Johnston and his colleagues used high-res images from Google Earth to count how many seals were hanging out on the beaches over several years. They also analyzed more than 8,000 hours of tracking data from tagged seals to try to determine how many would be in the water at any given time, hence the upper limit of their estimate.

With extremely high-resolution imagery coming back from many commercial satellites, the authors argue that this can provide an inexpensive alternative to older methods of estimating a population size—especially when the imagery is paired with tagging data.

Traditionally, scientists would capture some animals, mark them, then see how many of those marked animals can be found again later to extrapolate how big the entire population is. Or they would charter an airplane or helicopter ride to do aerial counts. By contrast, this study used tagging data from just eight seals to estimate how much time the average seal spends at sea versus on land.
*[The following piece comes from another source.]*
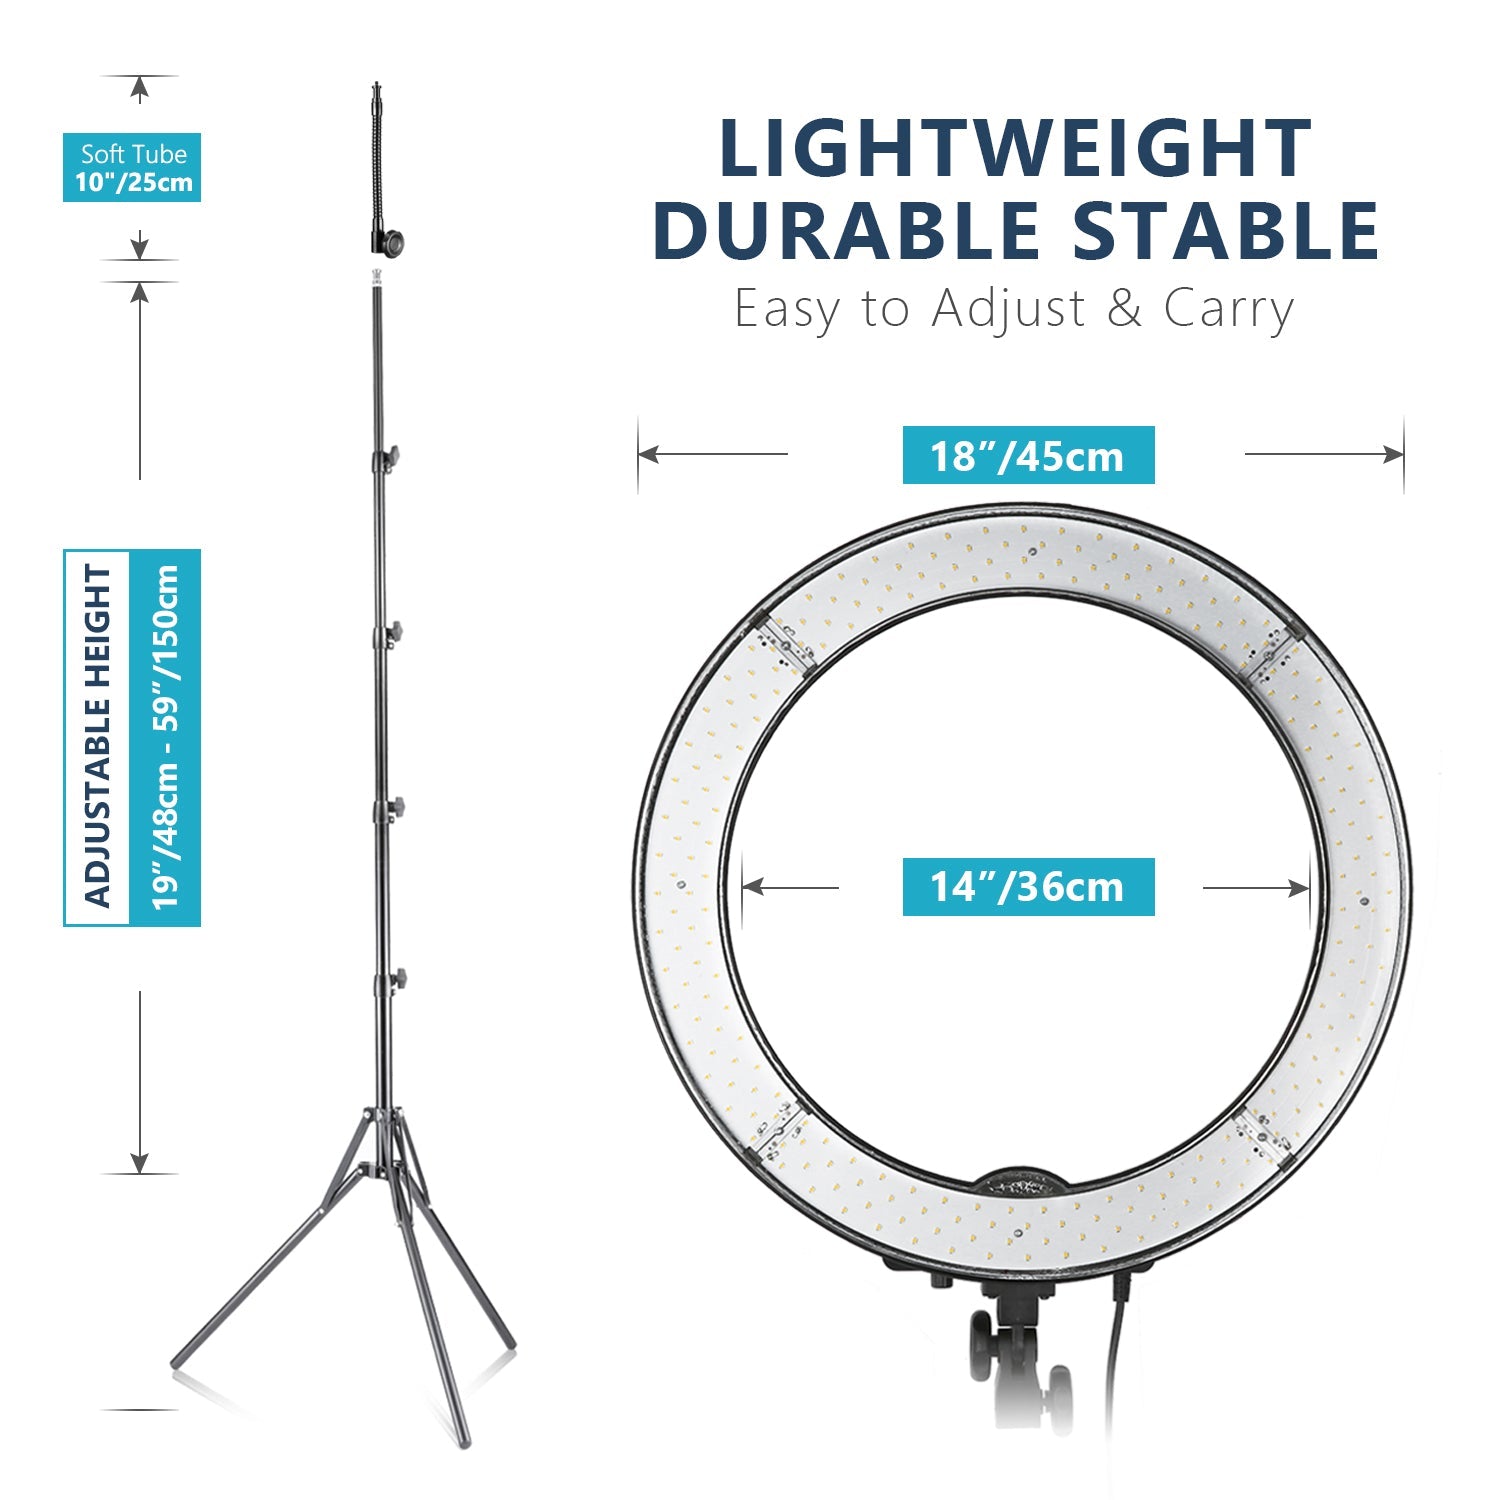  Neewer Anillo de luz de 18 pulgadas, 55 W regulable 5500K luz  con 240 LED filtro de color, tubo suave y bolsa de transporte para ,  TikTok, selfies y fotografía, compatible

Not everyone is happy with the pinniped’s population explosion—particularly fisherman, who see them as competition for fish stocks. In recent years, some groups have advocated for culling the number of gray seals. Johnston says that not only would that be illegal, but it would also be premature.

“We know almost nothing about what gray seals eat, how and where they forage, and whether they interact in an ecological way with fisheries,” he says. “There is very little evidence that culling seals will increase fishery yields or provide positive effects on the local ecosystem.”

“The really cool thing here,” says Johnston, “is that the recovery of gray seals is a conservation success. It tells us that if we stop doing bad things to marine species, they can recover. That’s important for people to realize. If we invest in conservation we can get the job done.”